_Activity_
From the data that follows, print exactly the lines starting at the one containing "Indiana University, Hoosiers" and ending at the one containing "Marina Otero est"; include both of them and nothing more.

_Data to use_
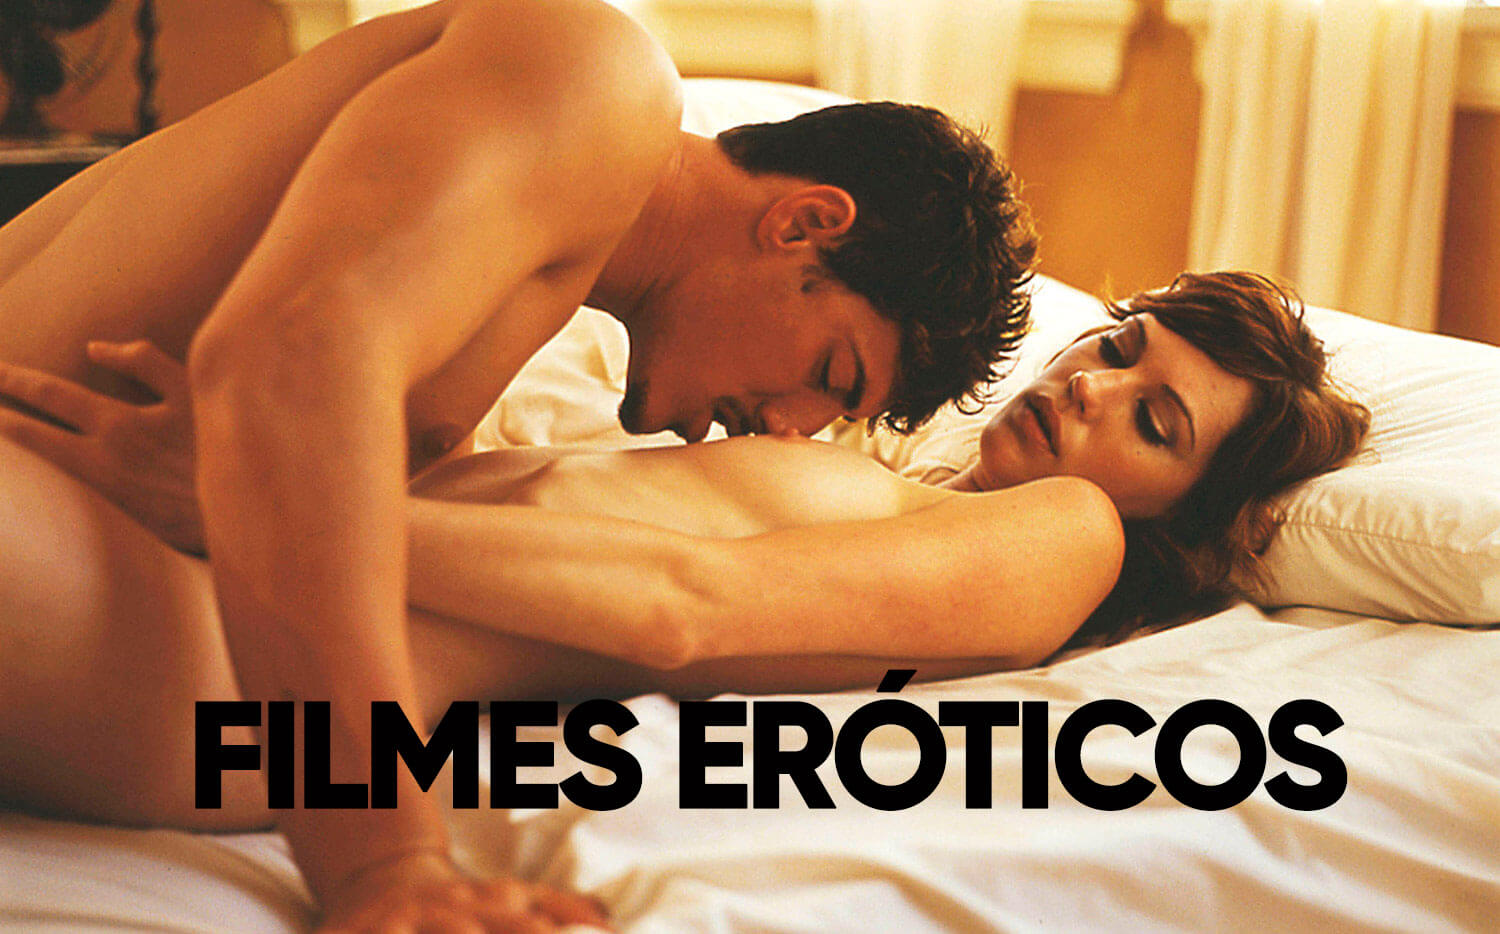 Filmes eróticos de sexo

--

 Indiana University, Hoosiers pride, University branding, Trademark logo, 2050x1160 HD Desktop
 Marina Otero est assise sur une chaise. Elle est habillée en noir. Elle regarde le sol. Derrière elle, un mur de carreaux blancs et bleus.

_Worked solution_
 Indiana University, Hoosiers pride, University branding, Trademark logo, 2050x1160 HD Desktop
 Marina Otero est assise sur une chaise. Elle est habillée en noir. Elle regarde le sol. Derrière elle, un mur de carreaux blancs et bleus.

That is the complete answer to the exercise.